Without seeing any of his proposals take hold, Comte died at the age of 59, in 1857. But Comte was well served by his followers, and in the decades after his death, his religion made some notable advances. The Chapelle de L'humanite was opened at 5 Rue Payenne in Paris, where it still stands to this day, and became a well known venue for secular baptisms, funeral services, weddings and sermons. Comte's religion crossed the channel, where it acquired 5,000 adherents, led with rare energy by a former Oxford Don. In 1878, with the help of a legacy from an aunt, the Don opened the Church of Humanity in Lamb Conduit Street in London, where secular services were held every morning.
Comte's religion had even greater success in Brazil, where it was put into practice by some students that Comte had taught in Paris in the 1840s. El Templo de la Humanidad opened in Rio in 1890, and others followed in São Paulo and Curitiba.
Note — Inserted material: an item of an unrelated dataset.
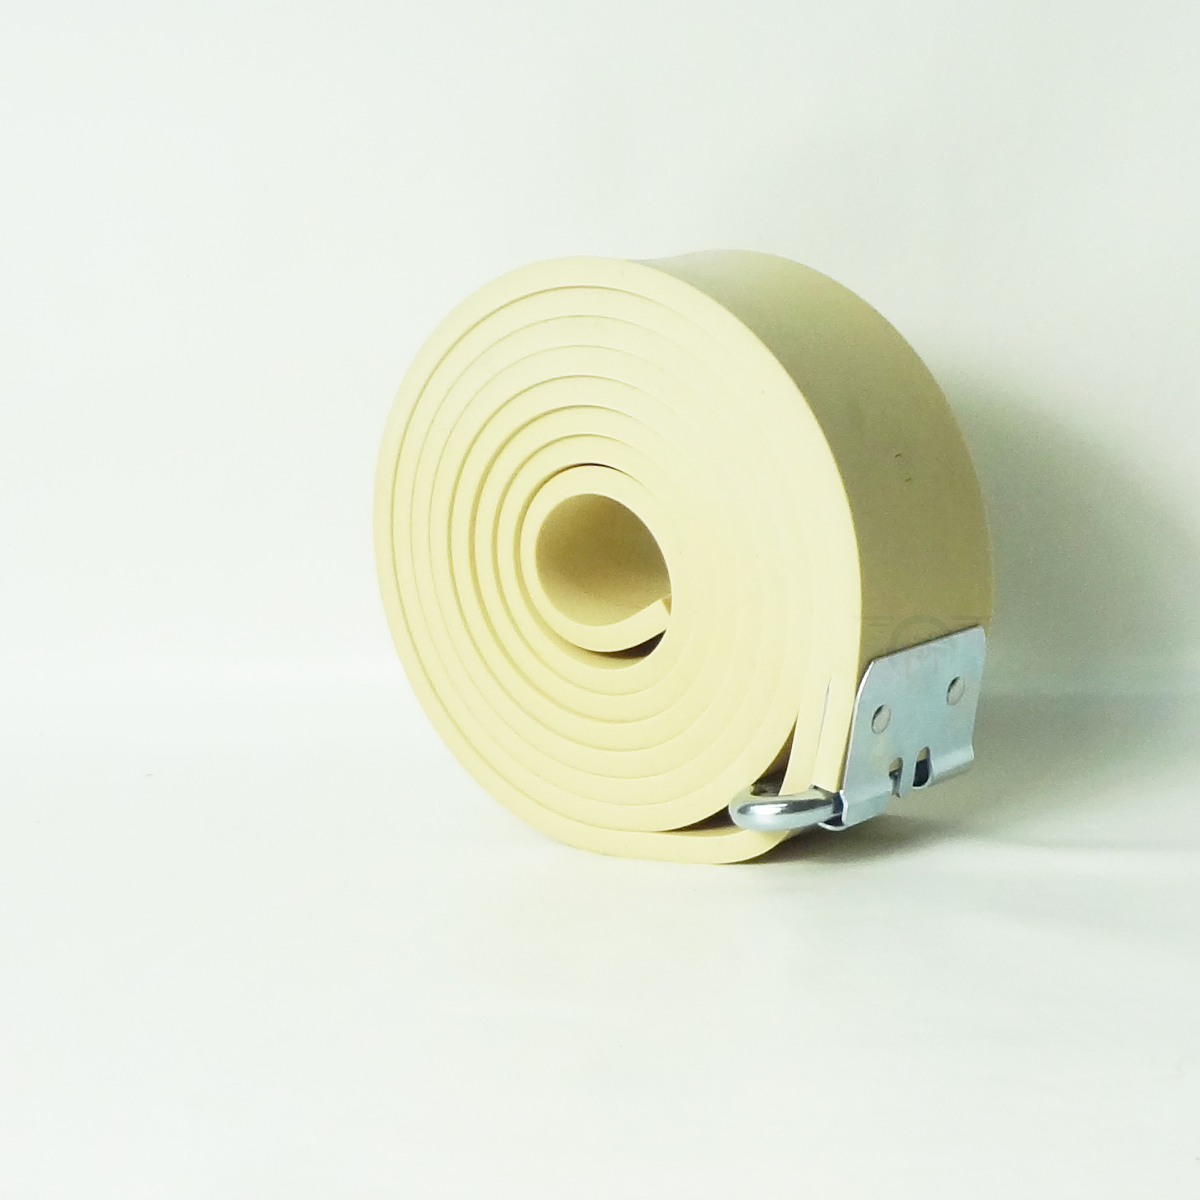 "Ammco Brake Lathe >> Ammco ® 5280 Brake Lathe Drum Silencer Band 1-3/4"" premium and adjustable belt"
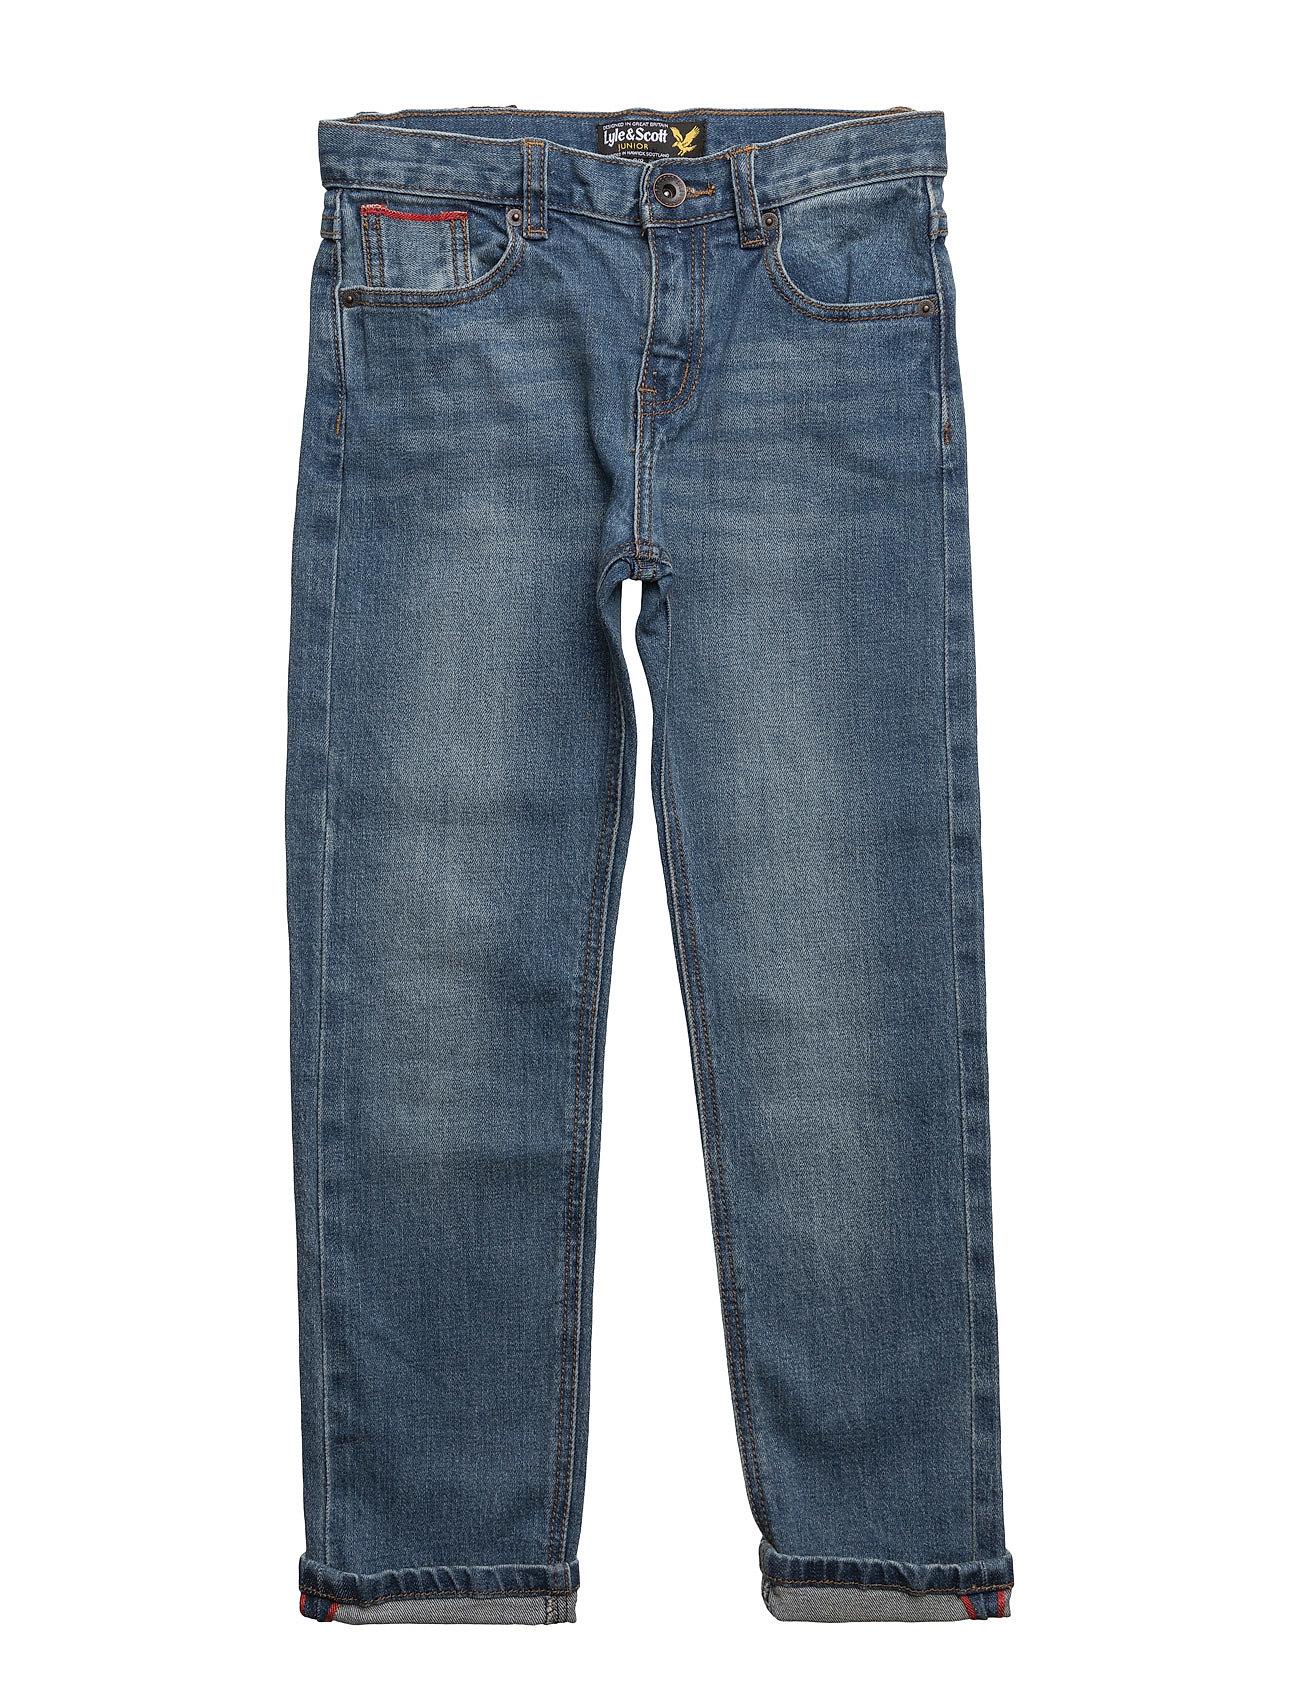 Lyle & Scott Junior Classic Slim Fit Jean - LIGHT WORN

Unfortunately, infighting among the leadership connected to doctrinal squabbles about the place of Western authors and their liturgy, meant that the movement failed to grow into a truly popular religion. And yet it acquired a small and permanent place in Brazil's spiritual life. To this day, every Sunday morning in Rio de Janeiro, at 74 Rua Benjamin Constant audiences, who make up in intensity of what they lack for in numbers, arrive at the Templo de Humanidad to draw sustenance from the teachings of a Parisian sociologist's unusual secular religion.
Whatever its shortcomings, Comte's religion is hard to dismiss entirely, for it identified a psychic space in atheistic society, which continues to lie fallow and to invite resolution. Comte's work was an attempt to rescue some of what is beautiful, touching, reasonable, and wise from what no longer seems true. For these reasons and more it remains extremely timely.